For the case $p=2$ we have the long exact sequence of Galois
cohomology groups due to Arason \cite[Satz~4.5]{A}.  Suppose then
that $p>2$ and $F$ is perfect. Let $S$ be any $p$-Sylow subgroup
of $G_F=\Gal(F_{\sep}/F)$, and set $L$ to be the fixed field of
$S$. Because $F$ is perfect, the separable closure $F_{\sep}$ is
identical to the algebraic closure $\bar F$, and hence each finite
extension of $L$ has degree a power of $p$. In particular,
all of the hypotheses of Theorem~\ref{th:es} are valid for the
field $L$ in place of $F$. Furthermore, $([L:F],p)=1$. (Here we
use basic properties of supernatural numbers and Sylow
$p$-subgroups. See \cite[Chapter~1]{Ser}.) Therefore if
$E=F(\root{p}\of{a})$ is a cyclic extension of $F$ of degree $p$,
so is $EL=L(\root{p}\of{a})$ over $L$.  By Theorem~\ref{th:es} we
see that the sequence
\begin{equation*}
    k_{m-1}EL\xrightarrow{N_{EL/L}} k_{m-1}L
    \xrightarrow{\{a\}\cdot-} k_m L\xrightarrow{i_{EL}} k_m EL
\end{equation*}
is exact for each $m\in\N$.

We claim that $i_L\colon k_mF \to k_mL$ is injective. Indeed,
suppose that $i_L(\alpha)=0$ for some $\alpha\in k_m F$. Then
there exists a finite subextension $M/F$ of $L/F$ such that
$i_M(\alpha)=0$. Then
\begin{equation*}
    0=N_{M/F}(i_M(\alpha))=[M:F]\alpha,
\end{equation*}
(see \cite[p.~300]{FV}). Because $[M:F]$ is coprime with $p$, we
see that $\alpha=0$ and $i_L$ is injective as asserted. Similarly
we have that $i_{EL}\colon k_m E\to k_m EL$ is injective.
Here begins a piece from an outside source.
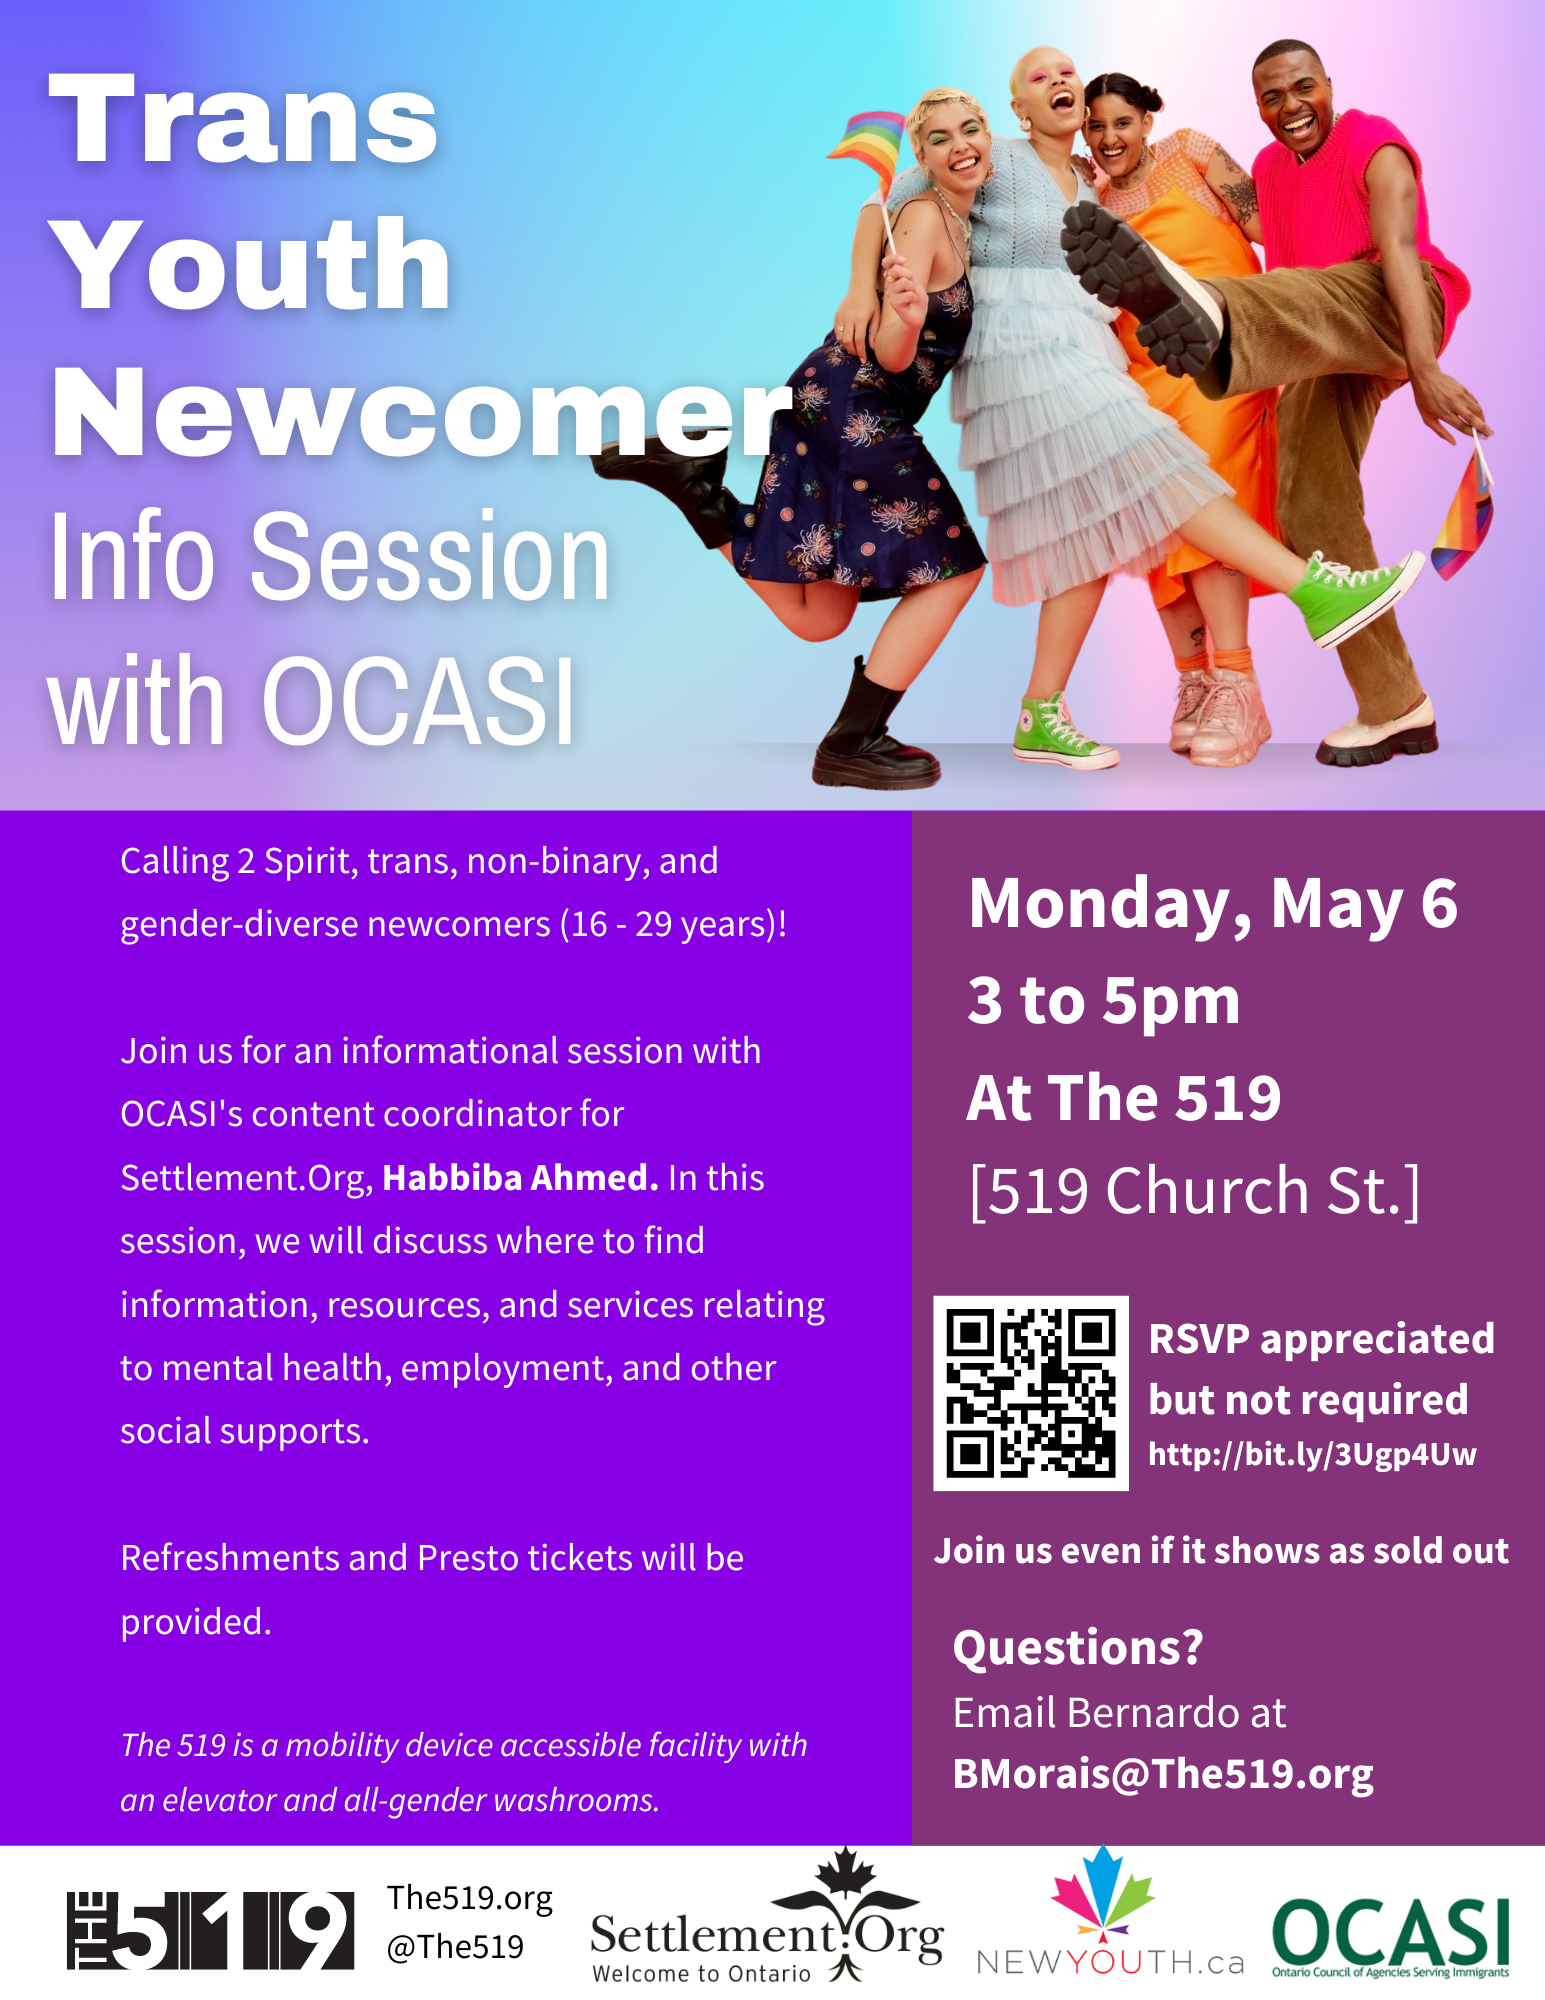 Trans Youth Newcomer Info Session with OCASI

We then have the following commutative diagram:
\begin{equation*}
\xymatrix{ k_{m-1}EL \ar[r]^{N_{EL/L}} & k_{m-1}L
\ar[r]^{\{a\}\cdot -} & k_m L \ar[r]^{i_{LE}} & k_m EL \\ k_{m-1}E
\ar[r]^{N_{E/L}} \ar[u]_{i_{EL}} & k_{m-1}F \ar[r]^{\{a\}\cdot -}
\ar[u]_{i_{L}} & k_m F \ar[r]^{i_E} \ar[u]_{i_{L}} &
k_m E \ar[u]_{i_{EL}} \\
}
\end{equation*}
Because the vertical maps are injective, we see that the bottom
row of the diagram is a complex: the composition of any two
consecutive maps is the zero map. We now establish exactness at
the second and third terms of the complex.
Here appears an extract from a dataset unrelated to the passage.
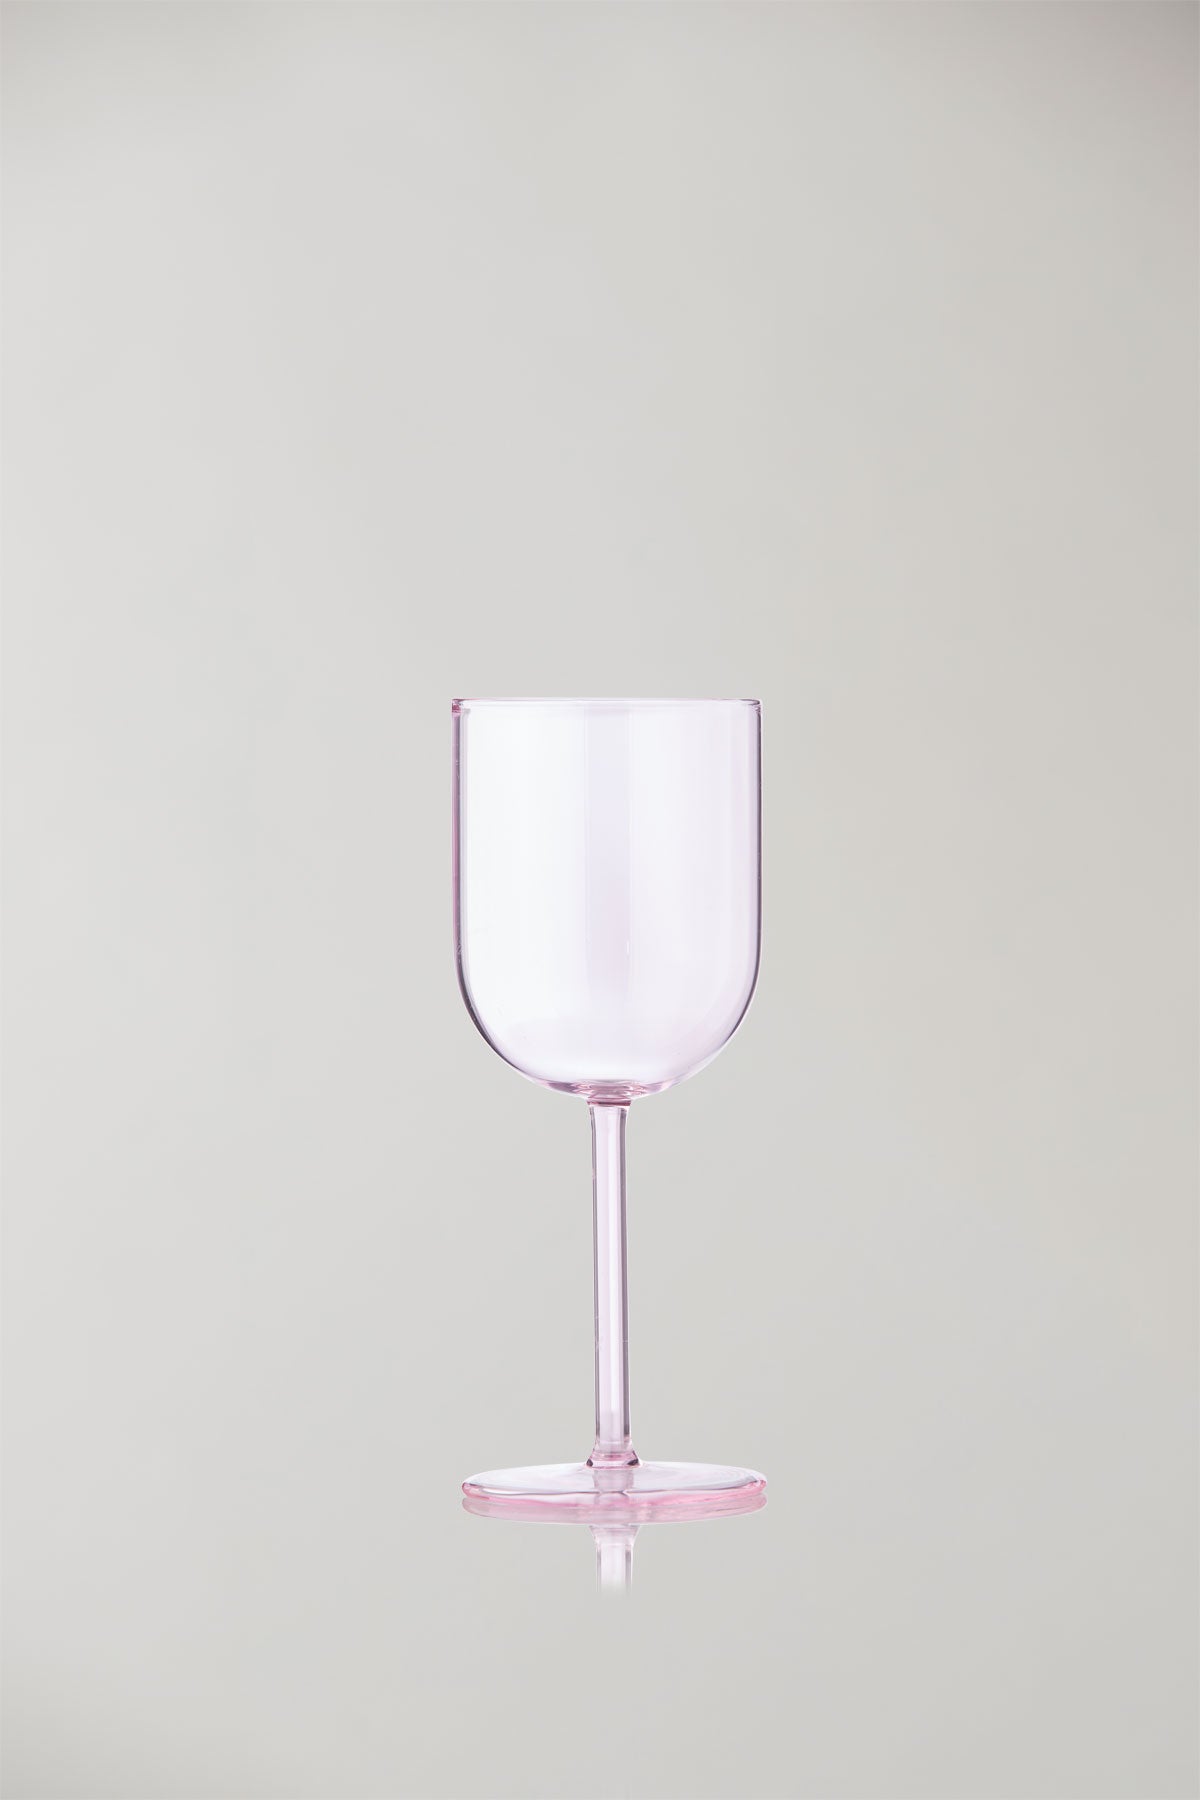 Glassware Tagged "Rosa" - About

Let $\alpha\in k_{m-1}F$ such that $\{a\}\cdot\alpha=0$. Then
$\{a\}\cdot i_L(\alpha)=0$ and therefore there exists an element
$\beta\in k_{m-1}EL$ such that $N_{EL/L}(\beta)=i_L(\alpha)$. Let
$M/F$ be a finite extension such that $\beta$ is defined over
$EM$. Then $N_{EM/M}(\beta)=i_M(\alpha)$, and we have
\begin{equation*}
    N_{EM/F}(\beta) = N_{M/F}(N_{EM/M}(\beta)) = N_{M/F}(i_M
    (\alpha)) = [M:F]\alpha
\end{equation*}
and $N_{EM/F}(\beta)=N_{E/F}(N_{EM/E}(\beta))$. Thus
\begin{equation*}
    N_{E/F}(N_{EM/E}(\beta))=[M:F]\alpha.
\end{equation*}
Because $([M:F],p)=1$ we see that $\alpha\in N_{E/F}(k_{m-1}E)$.
Therefore we have established the exactness of our complex at
$k_{m-1}F$.

Now assume that $\alpha\in k_m F$ such that $i_E(\alpha)=0\in k_m
E$. Then arguing as above, we see that there exist a finite
extension $M/F$ and $\beta\in k_{m-1}M$ such that
\begin{equation*}
    \{a\}\cdot \beta = i_M(\alpha)\in k_m M.
\end{equation*}
Applying $N_{M/F}$ and using the projection formula we see that
\begin{equation*}
    \{a\}\cdot N_{M/F}(\beta) = N_{M/F}(i_M(\alpha)) =
    [M:F]\alpha.
\end{equation*}
Because $[M:F]$ is coprime with $p$, $\alpha\in\{a\}\cdot
N_{M/F}(\gamma)$ for a suitable element $\gamma\in k_{m-1}M$. Hence
we see that our complex is also exact at $k_m F$ and the full
complex is exact. \qed

\begin{remark*}
Assuming as usual that $F$ contains a primitive root $\xi_p$, then
if $m\leq 2$, no further assumption on $F$ in
Theorem~\ref{th:esext} is necessary. For $m=1$ this claim follows
from basic Kummer theory, and for $m=2$ see \cite[Prop.~5]{Me} and
\cite[Chap.~5, Lemma~8.4]{Sr}.
\end{remark*}

\section{Reduction to the Case $\chr F = 0$}\label{Red}

Suppose now that $\chr F = q > 0$ and $q\neq p$. We also assume
that $F$ is infinite, because if $F$ is finite then $K_n F=0$ for
$n\geq 2$ and therefore this is a trivial case. (See
\cite[Prop.~IX.1.3]{FV}.)  Assume as before that $F$ contains a
primitive $p$th root of unity $\xi_p$ and $E/F$ is a cyclic
extension of degree $p$. We shall show that there exists an
explicitly defined cyclic extension $J/L$ of degree $p$ such that
$\chr L = 0$, so that $L$ is perfect, and $k_n J$ is naturally
isomorphic with $k_n E$ as a $G=\Gal(E/F) \cong \Gal(J/L)$ module.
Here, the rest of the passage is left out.